INFORMATION SUPPLIED:
□ □ □ □
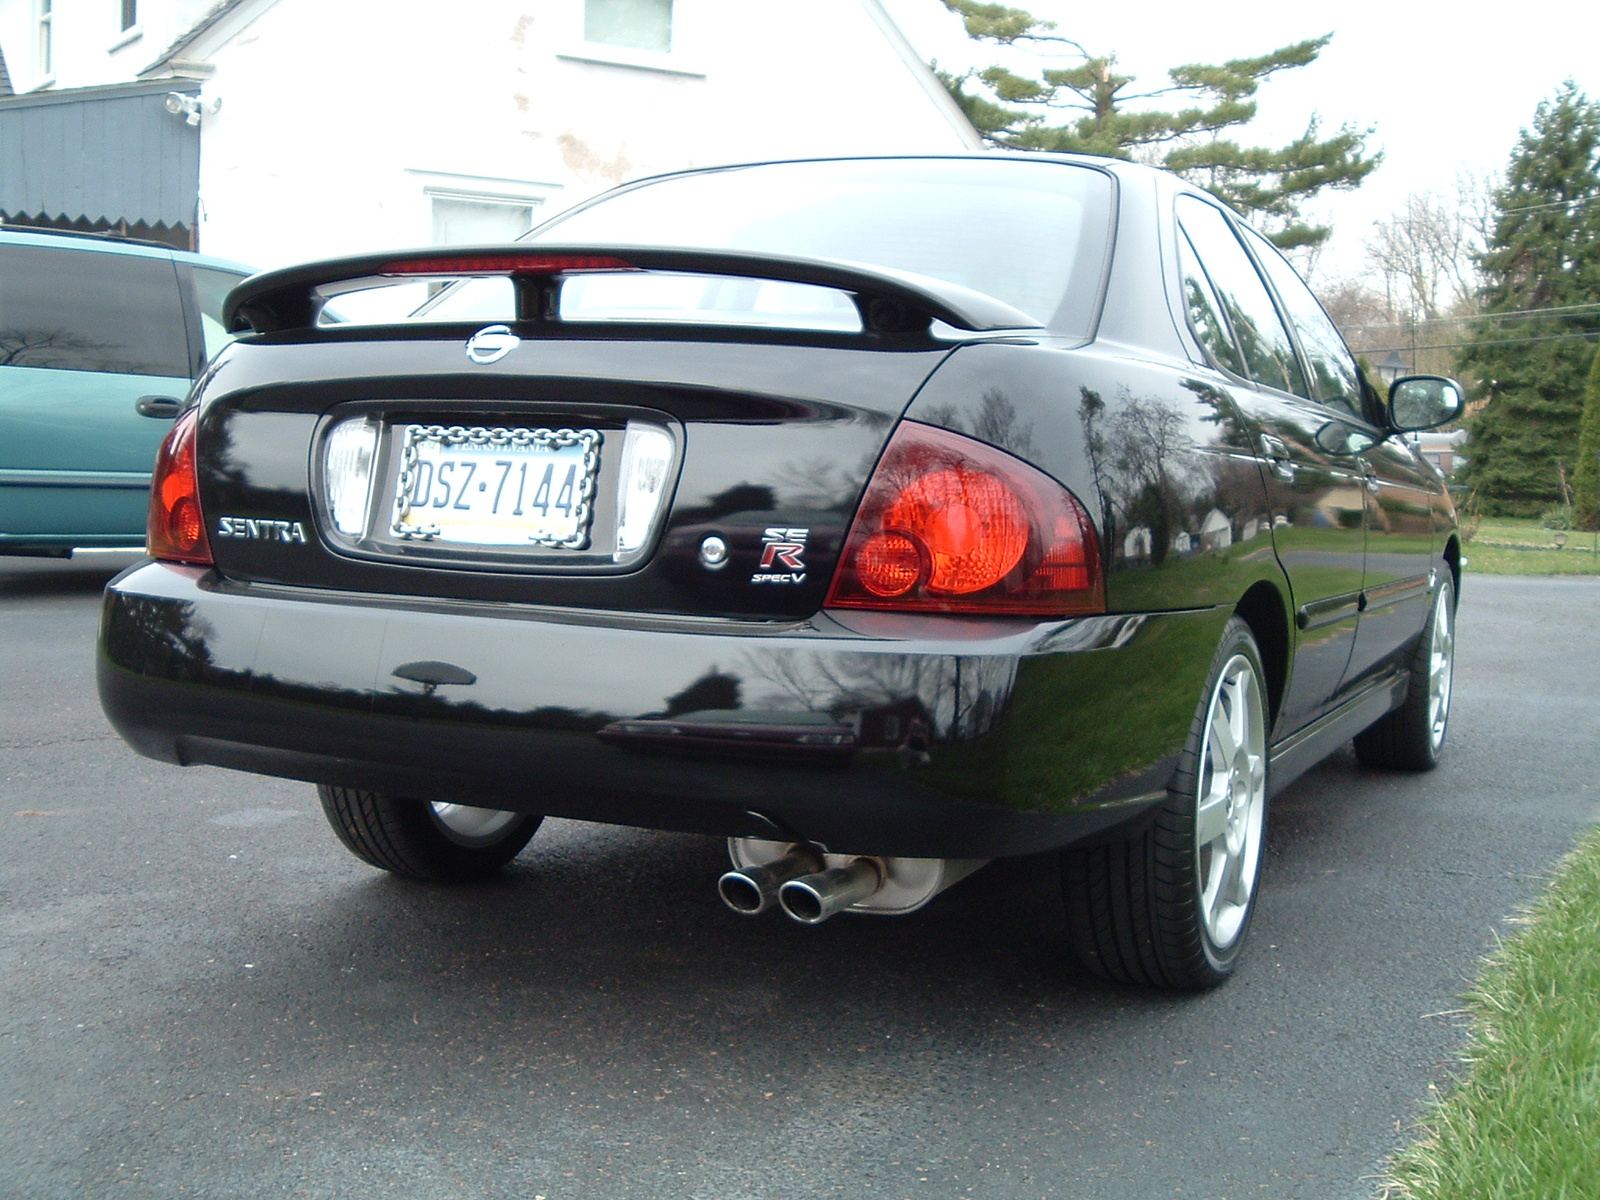 2004 Nissan sentra ser - spec v sedan #2
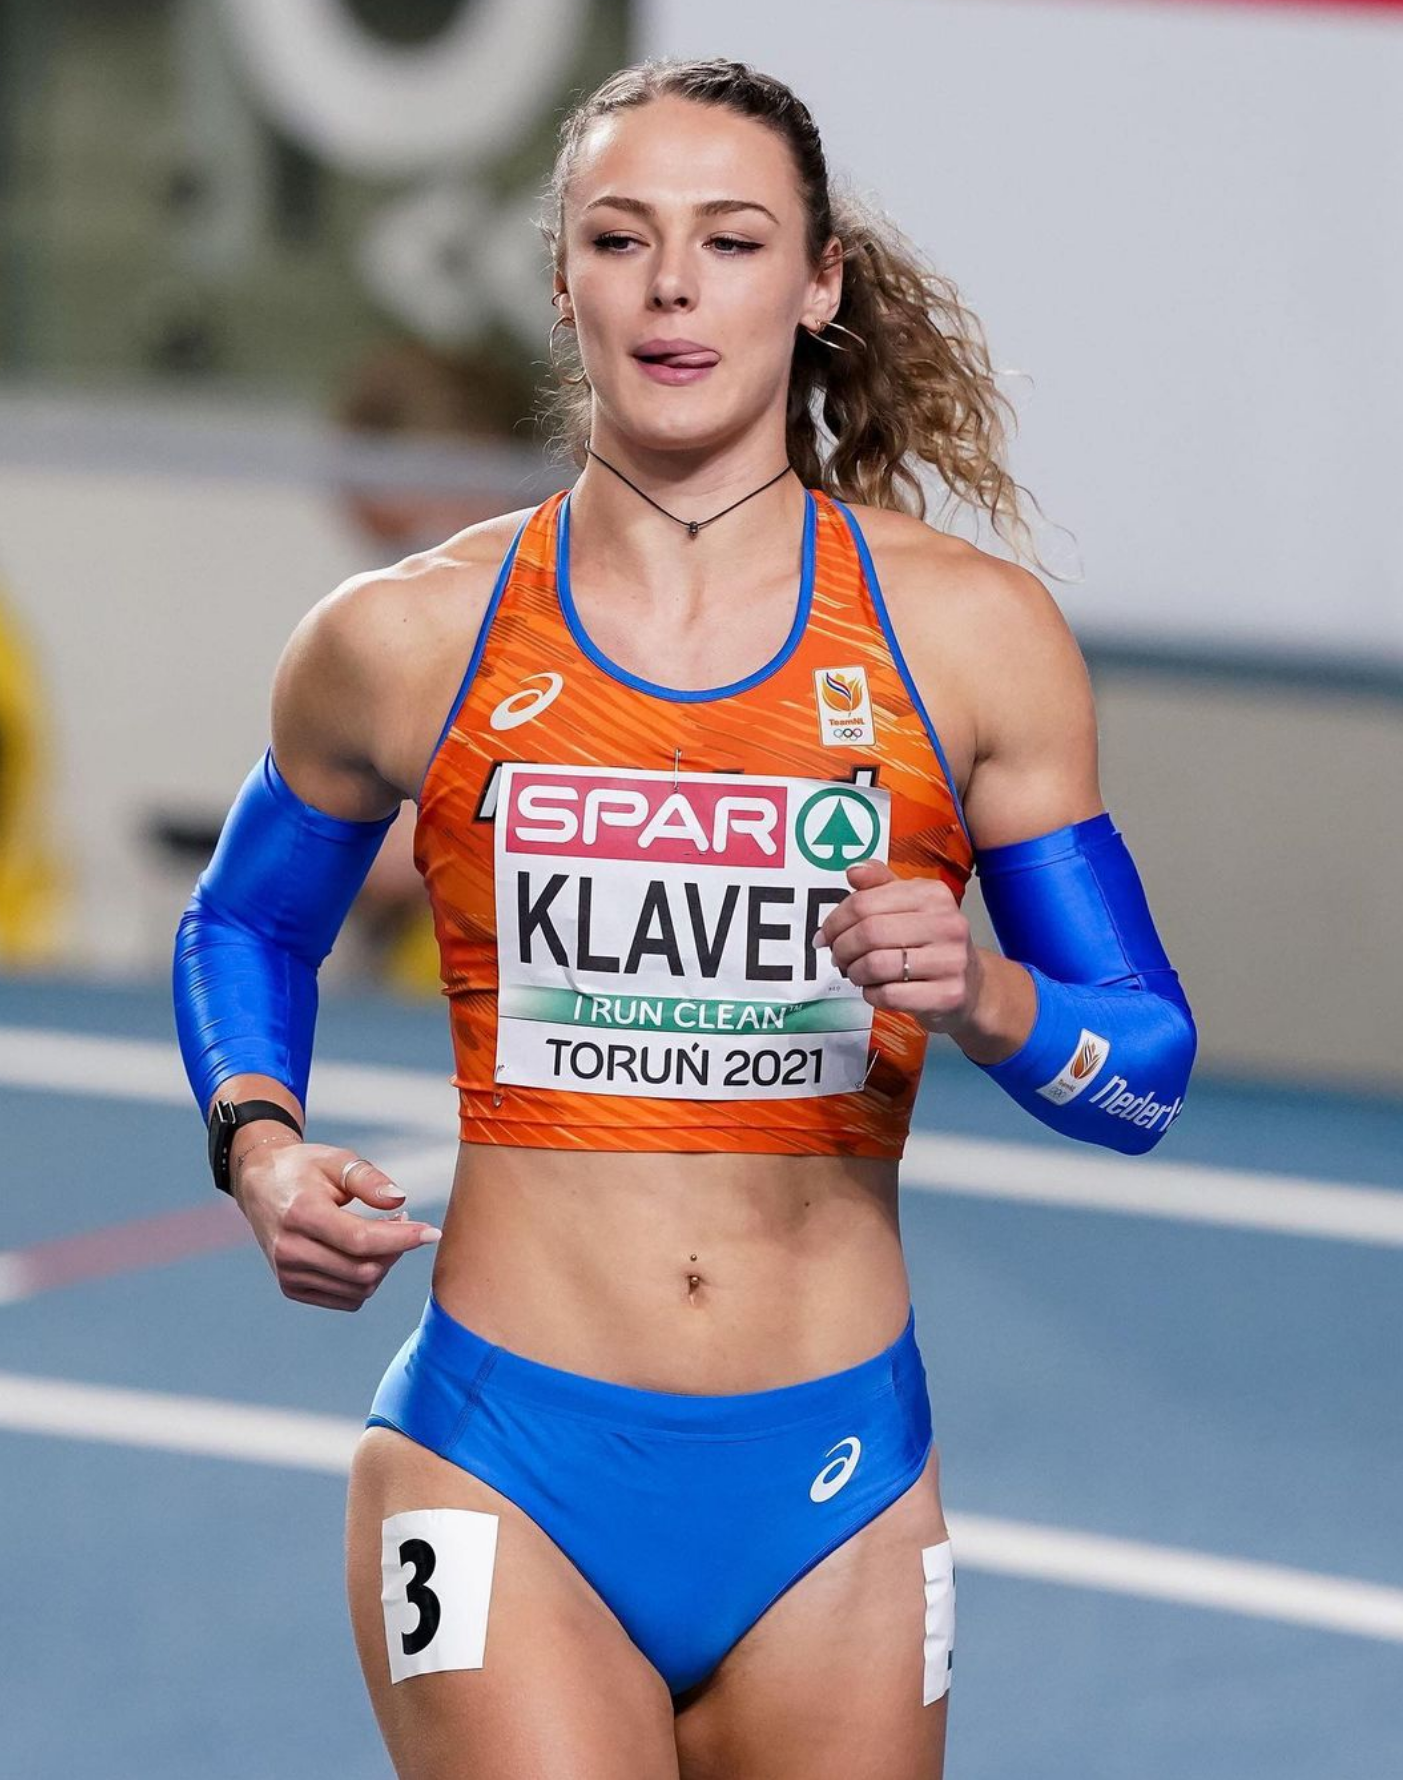 Dutch sprinter Lieke Klaver
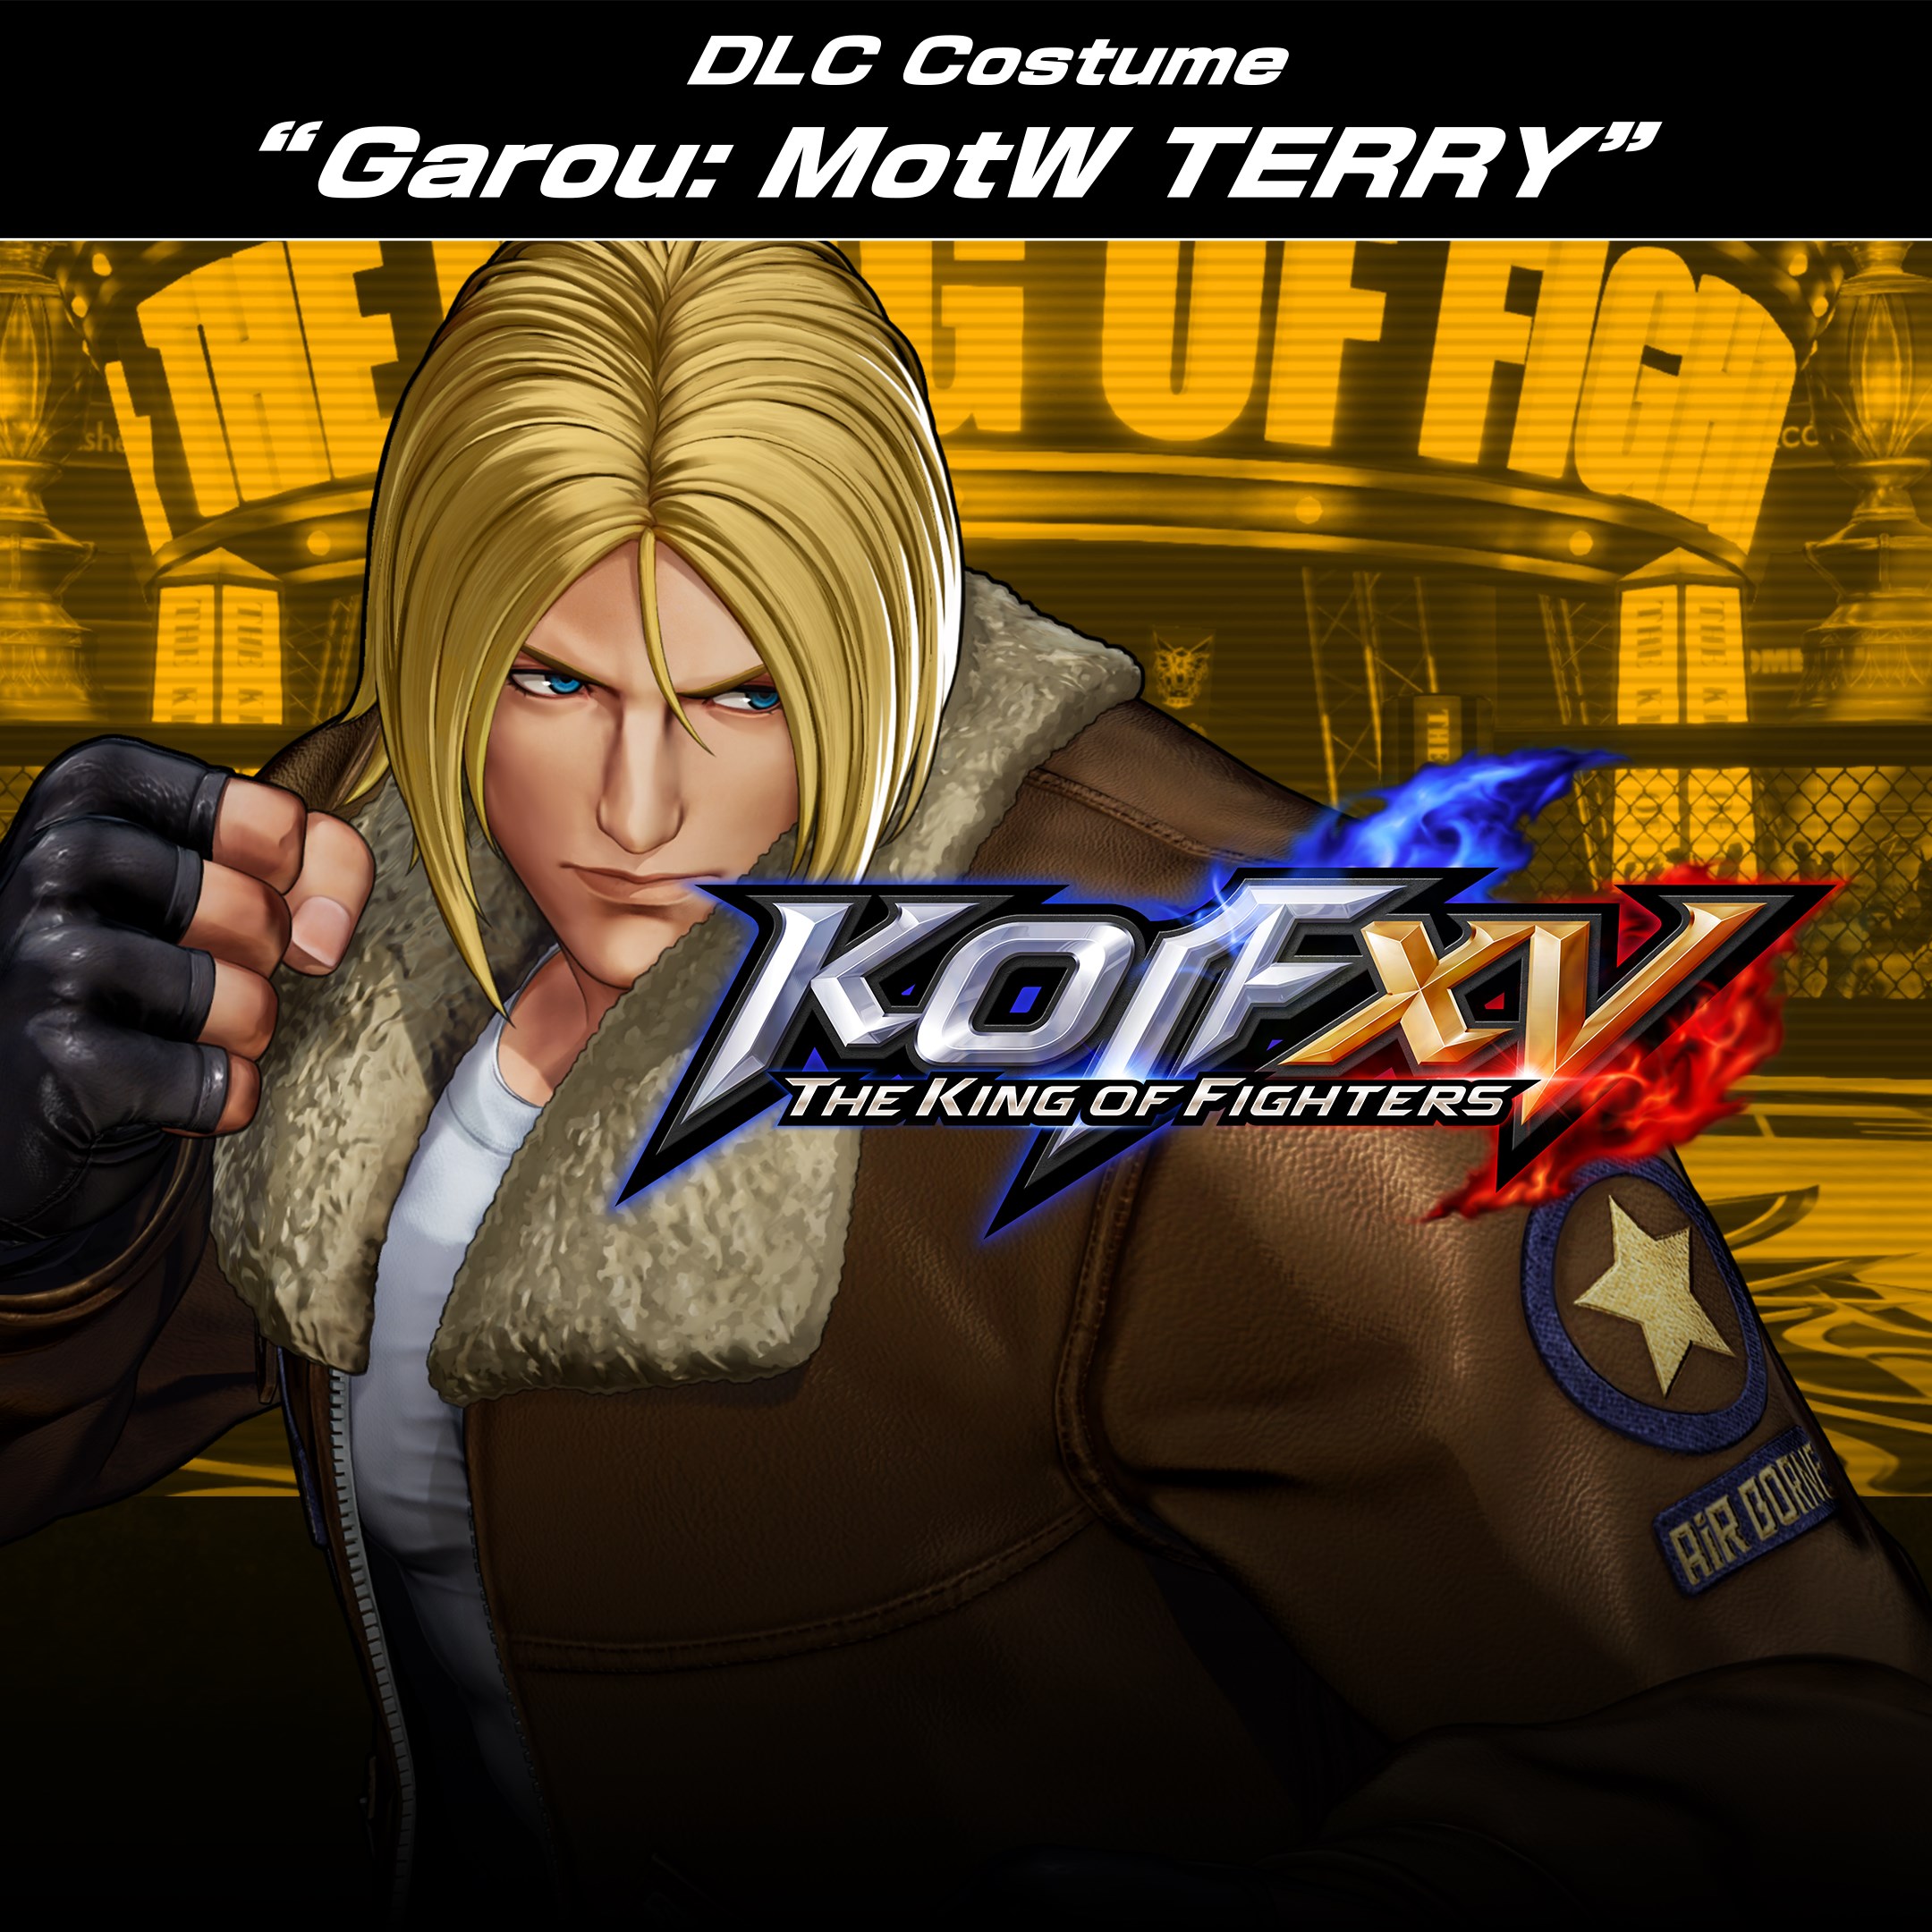 DLC de traje "GAROU: MotW TERRY" para KOF XV
□ □ □ □
PROBLEM REQUIREMENTS: Please output every line of the listing as it stands, and omit its images.

SOLUTION BELOW:
 2004 Nissan sentra ser - spec v sedan #2
 Dutch sprinter Lieke Klaver
 DLC de traje "GAROU: MotW TERRY" para KOF XV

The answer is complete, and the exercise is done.